Created 03-03-2018 09:09 PM
i have a job that runs every hour, i put a csv file into hdfs location and do an alter table to add that new location to the partition. Weirdly it took more than 50 min when it just takes 5-10 seconds. I am not sure why? how to start root cause analysis on this?
Created 03-04-2018 08:18 PM
Is this smth related to yarn.scheduler.capacity.maximum-am-resource-percent
<value>0.2</value>
which is Maximum percent of resources in the cluster which can be used to run application masters i.e. controls number of concurrent running applications.
at the time this happened, i had about 5-6 jobs using same queue... i guess this is the reason AM for this job didnt get resources allocated until rest of them finished.
so is the 0.2 mean 20% per queue or altogether all queues ?
Created 03-04-2018 03:29 PM
Created 03-04-2018 04:15 PM
Thanks for reply. My table is huge, msck just hangs.
Also, i see that although job started at 20:28 pm, the container dint launch until 20:55 and i dont see any logs.
what does explain exended do? how to use debug mode for a single query without actually changing in the configurations?
FinalStatus Reported by AM: | SUCCEEDED |
---|---|
Started: | Sat Mar 03 20:21:14 -0500 2018 |
Elapsed: | 34mins, 44sec |
Log Type: launch_container.sh
Log Upload Time: Sat Mar 03 20:55:59 -0500 2018|
Log Length: 9051
Showing 4096 bytes of 9051 total. Click here for the full log.
I dont see anythign in logs. this happened twice during the last 2 days.
Created 03-04-2018 08:18 PM
Is this smth related to yarn.scheduler.capacity.maximum-am-resource-percent
<value>0.2</value>
which is Maximum percent of resources in the cluster which can be used to run application masters i.e. controls number of concurrent running applications.
at the time this happened, i had about 5-6 jobs using same queue... i guess this is the reason AM for this job didnt get resources allocated until rest of them finished.
so is the 0.2 mean 20% per queue or altogether all queues ?

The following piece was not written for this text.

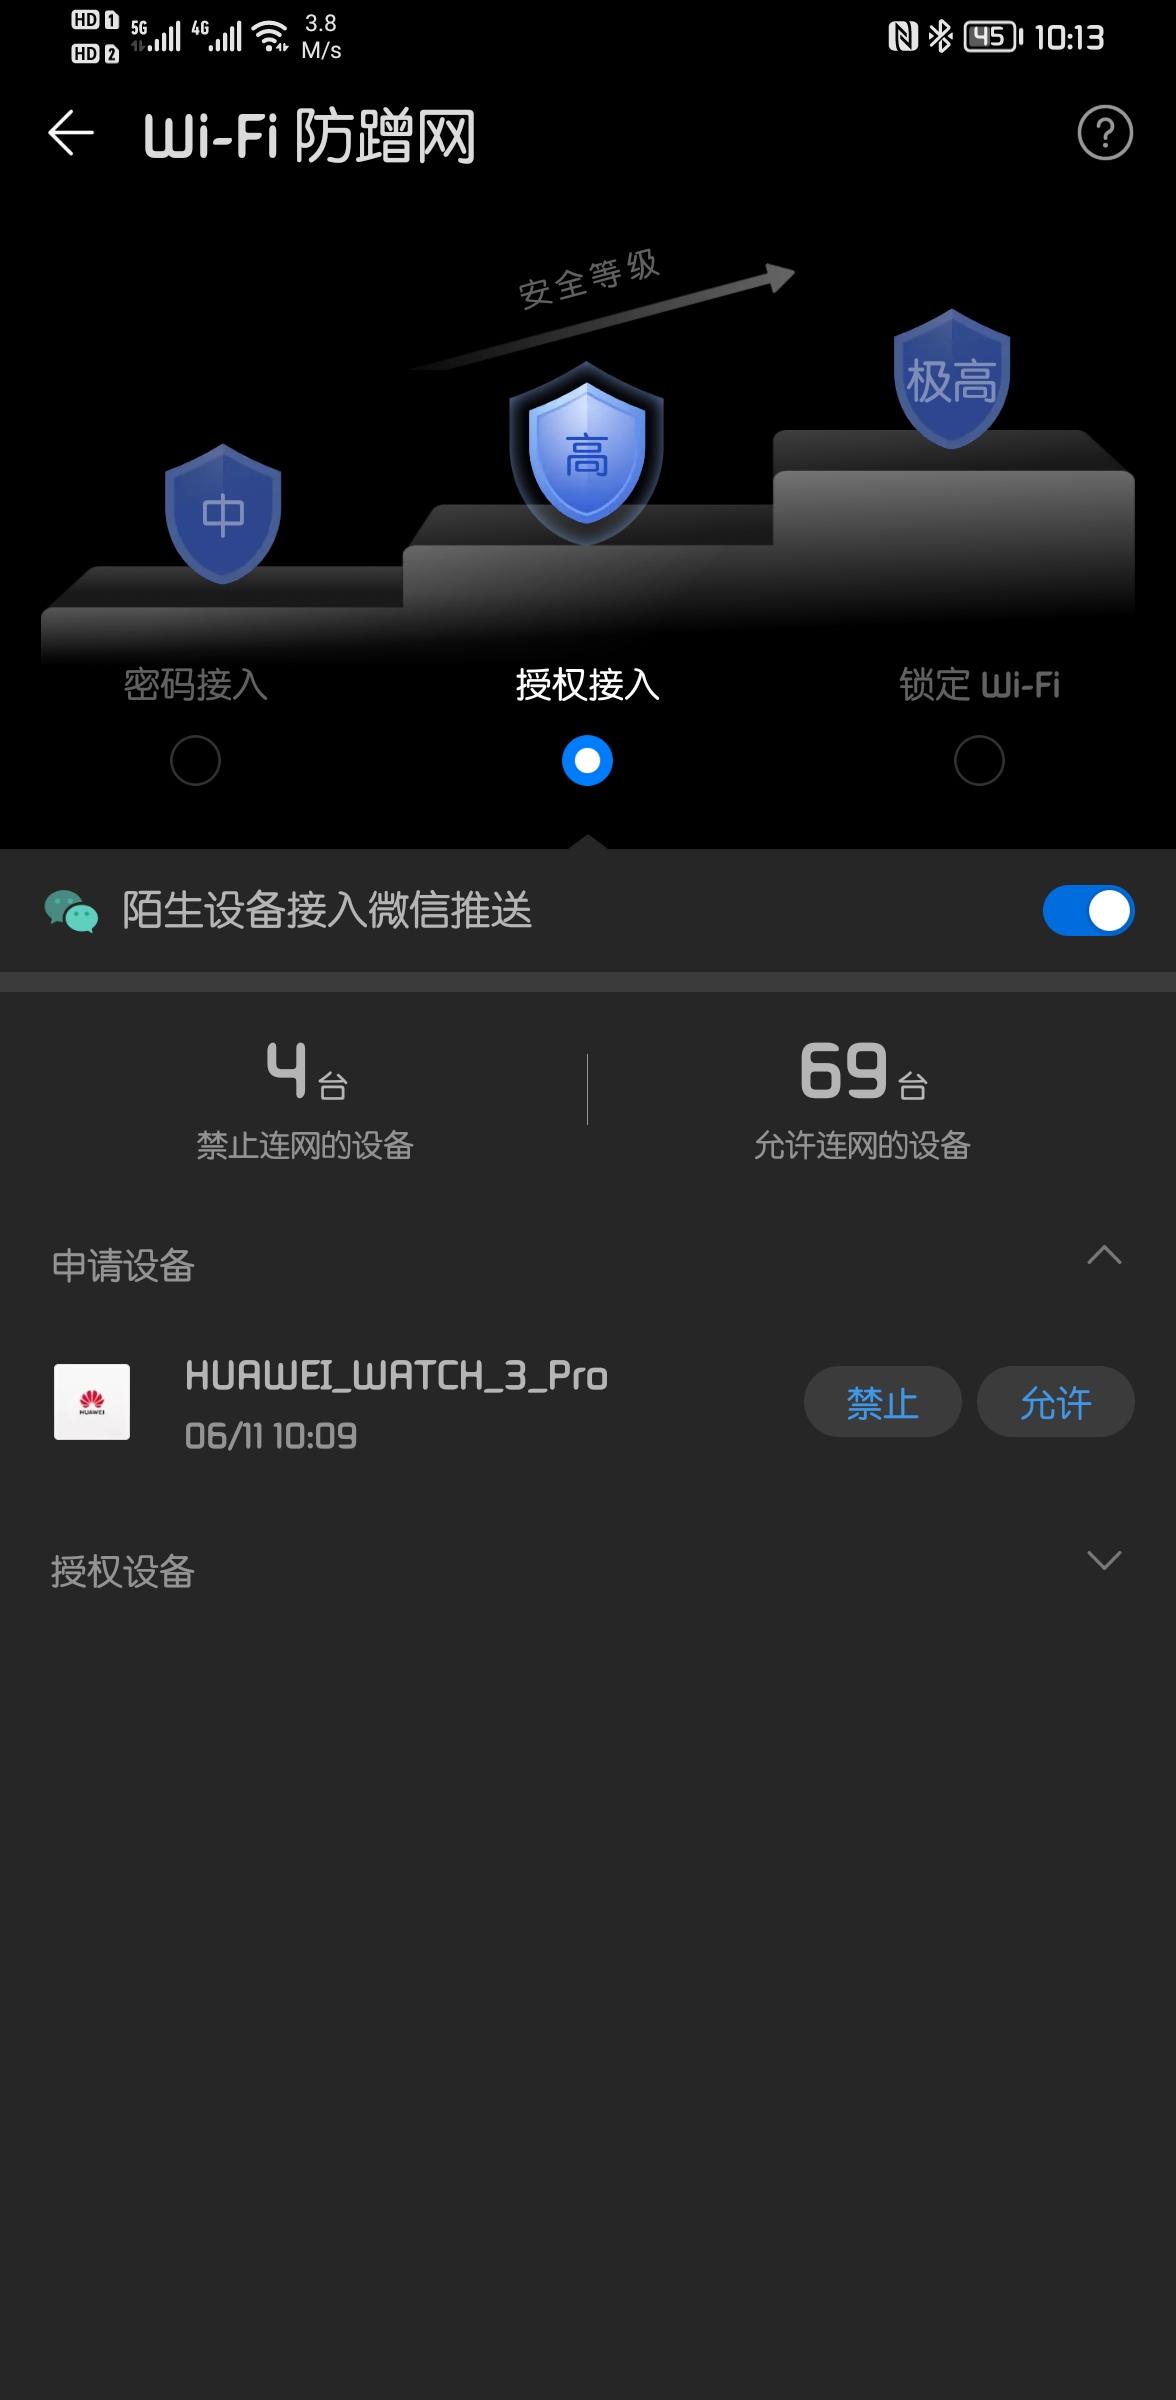 Screenshot_20210611_101306_com.huawei.smarthome.jpg

Created 03-05-2018 02:41 AM
Hi @PJ
Which you have said like it didnt launched the containers till 8:55 which means its not getting the proper resource to start the process and as there are already jobs running in the same queue support the issue as well. try decreasing the value to 0.1 .
Created 03-05-2018 02:33 PM
yeah .. but i thought i have to increase the value so there can be more resources available to launch more AM's...
Created 03-05-2018 10:16 AM
This can be related to HIVE-13901. Depending on the FS, MSCK & Add partition can be slow.
Can you try Setting "hive.fetch.task.conversion=none" ?
Created 03-05-2018 02:46 PM
"i put a csv file into hdfs location and do an alter table to add that new location to the partition". Can you please explain this operation?